El arquetipo de espacio potencialmente claustrofóbico es el ascensor, por su condición de cubo cerrado, a la que se le suele añadir un espejo para ayudar a generar sensación de amplitud.  Las salas de espera, cines o teatros, donde no se puede salir y entrar a voluntad. Los almacenes, colas, espacios naturales como cuevas, valles estrechos, puentes. También los túneles y autopistas, ya que la salida no es inmediata y no se puede parar donde uno quiera.
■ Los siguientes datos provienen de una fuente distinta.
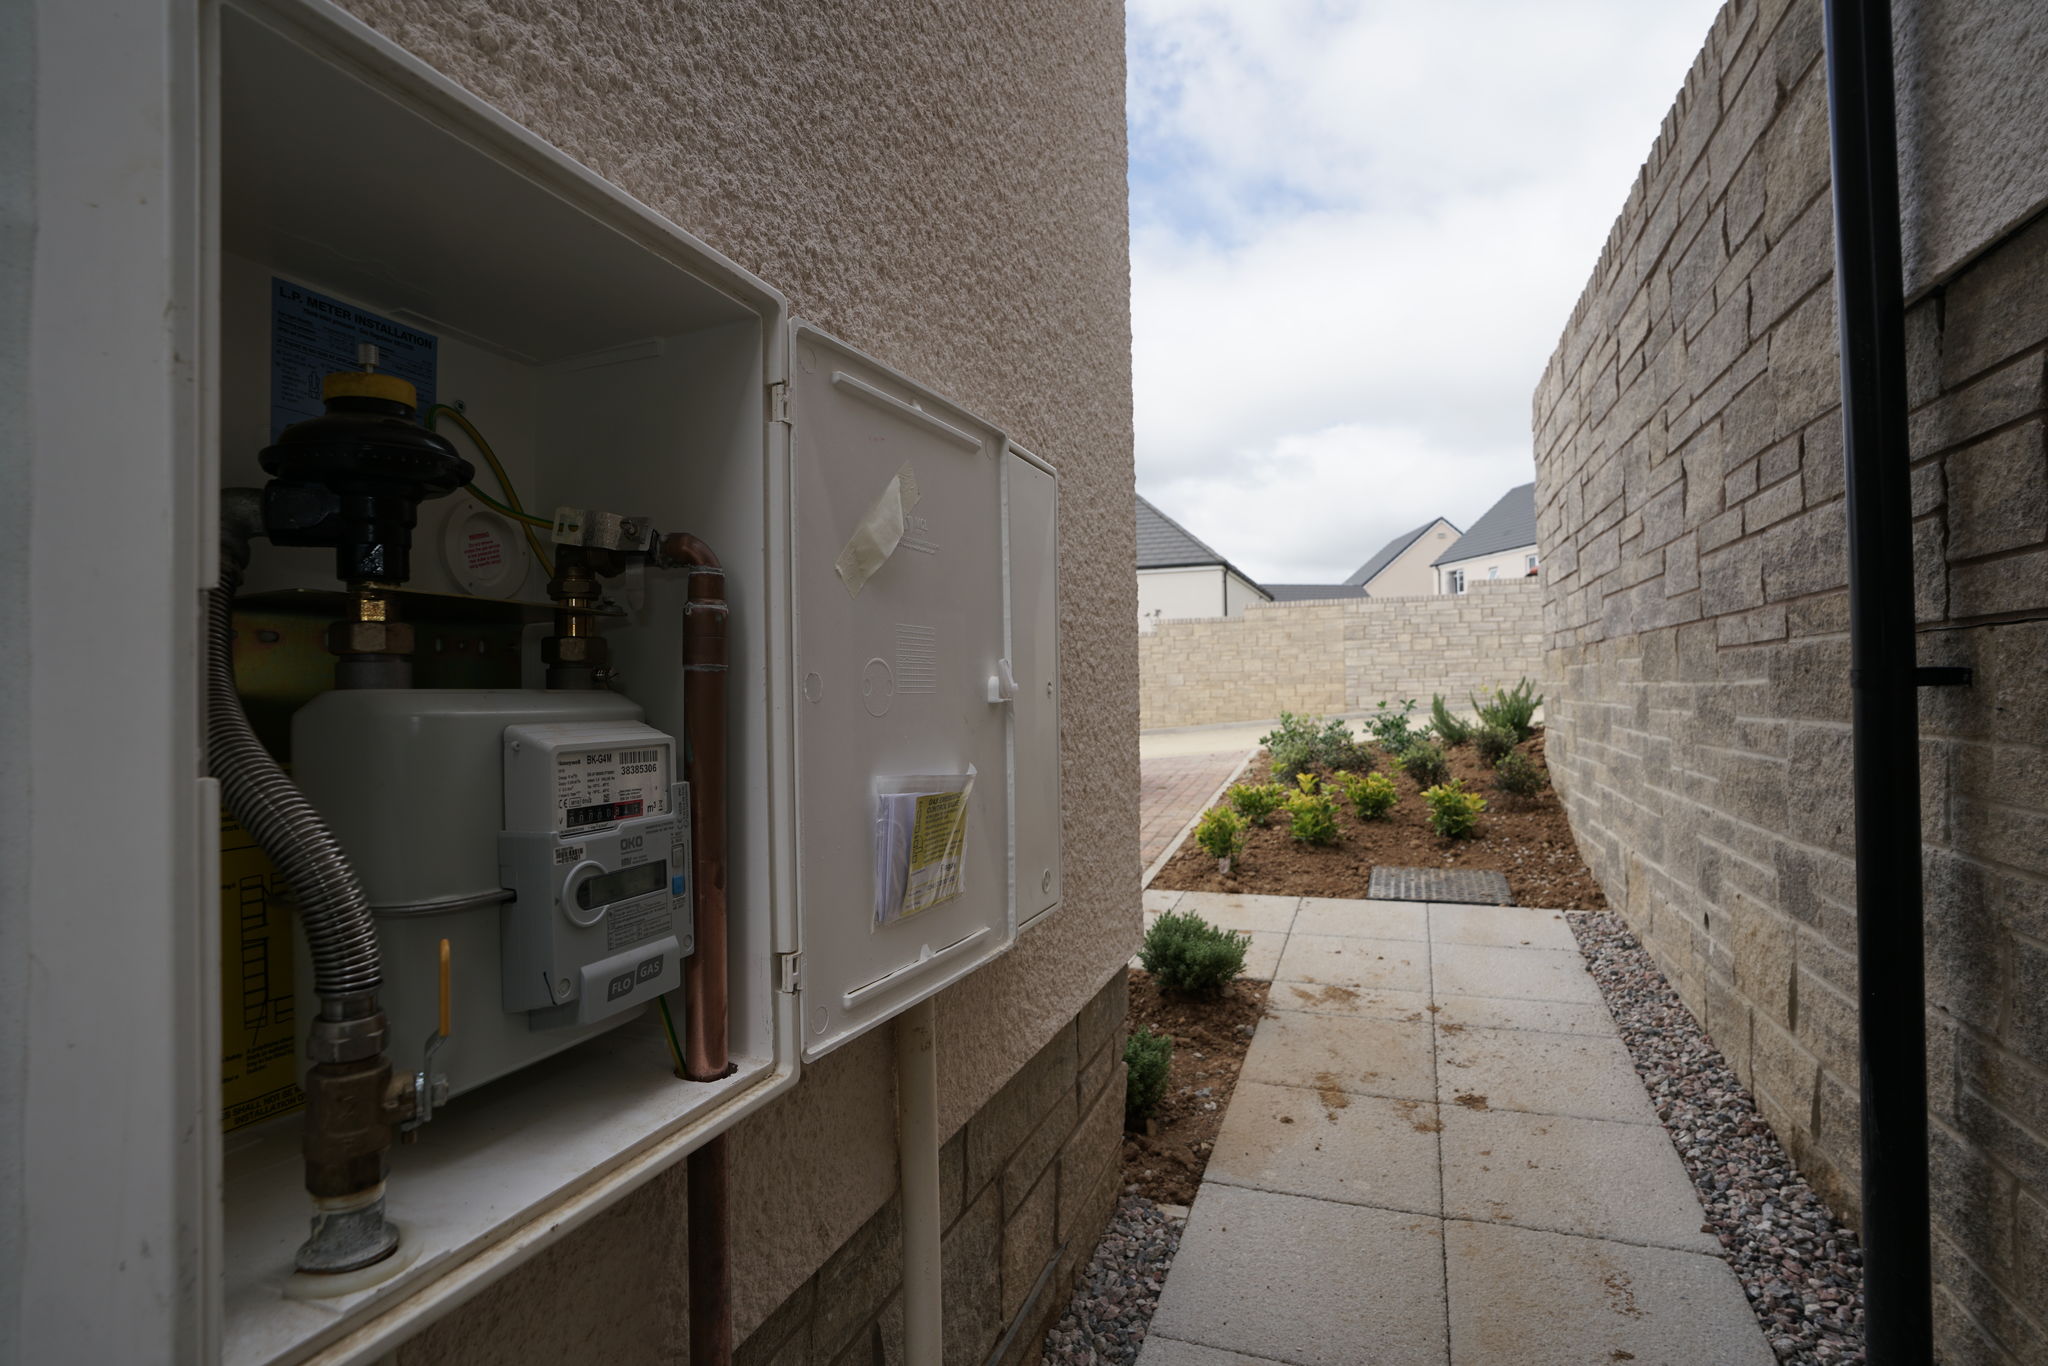 Sustainable developer brings centralised LPG power to over 100 homes image 3

Todos estos espacios tienen en común la condición de CERRADO y de difícil escapatoria y por lo tanto se pueden percibir como constrictivos de la espontaneidad.
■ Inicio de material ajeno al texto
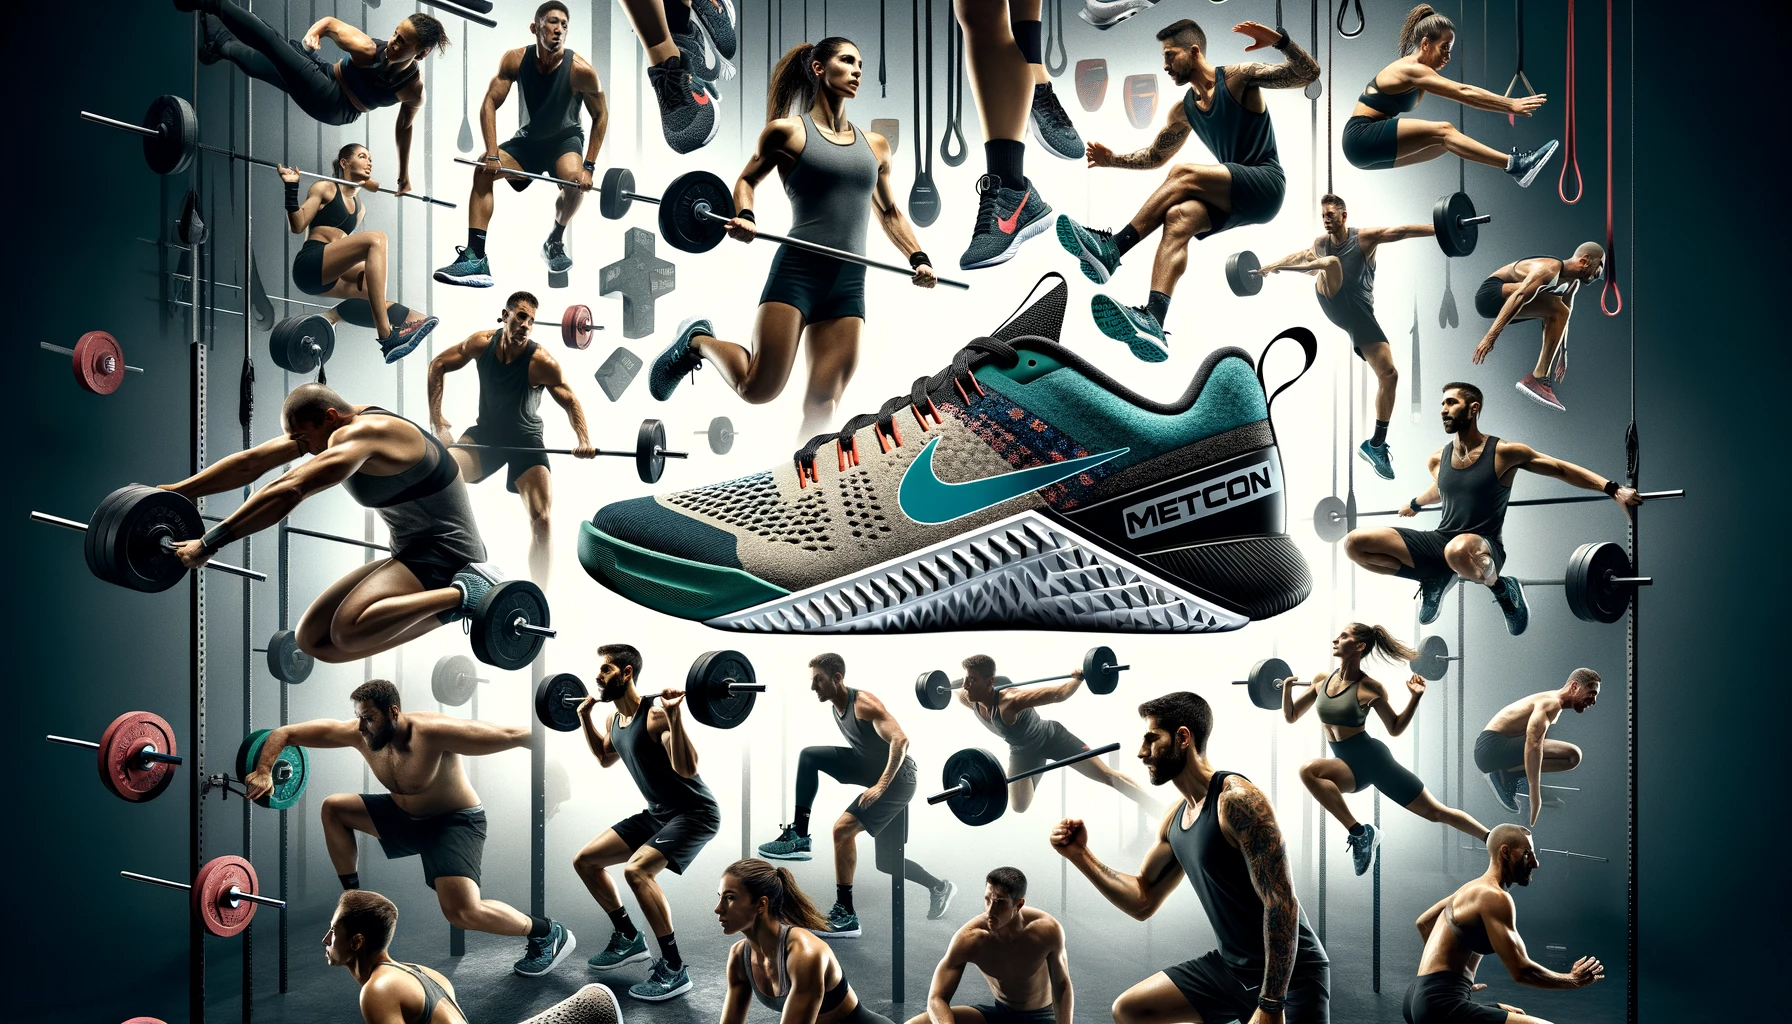 Nike Metcon Training Tips: Maximizing Performance with the Right Footwear

La sensación que tiene el claustrofóbico en todos los espacios y situaciones es la misma, se siente atrapado.

¿Qué siente un claustrofóbico? La escala ansiosa:

  1. Detecta que está en una situación cerrada o de atrapamiento. Busca los puntos de fuga por donde podría salir corriendo, puertas, ventanas, paradas, etc.
  2. Siente y piensa que no quiere estar ahí. La situación se vuelve incongruente o amenazante.
  3. La tendencia natural es escapar, huir de la situación, liberarse de la opresión, de la incomodidad, pero no puede.
  4. Se siente frustrado y rabioso, pero si saca la rabia cree que perderá el control, debe controlar la rabia.
  5. La actividad fisiológica aumenta, está muy nervioso, se ahoga, puede llegar al ataque de ansiedad.
  6. A partir de ese momento tenderá a evitar los lugares y situaciones parecidos al que ha desencadenado la reacción fóbica.

¿Cuál es su tratamiento?

Para establecer el tratamiento de la claustrofobia es fundamental saber en qué grado se presenta.

El tratamiento psicológico se basa en diferentes técnicas:

  • Aprender a controlar la ansiedad, primero afrontar de forma imaginativa y luego físicamente in situ.
  • Técnicas de control del estrés, con el objeto de mitigar esas sensaciones corporales, como la respiración profunda.
  • La anticipación. Trabajar la tendencia instaurada de hacer predicciones y anticipaciones negativas sobre lo que ocurrirá en el espacio cerrado.

En ocasiones, y de forma puntual para controlar los síntomas agudos de la ansiedad, pueden emplearse fármacos como antidepresivos o ansiolíticos, que deben ser recomendados por un médico cualificado.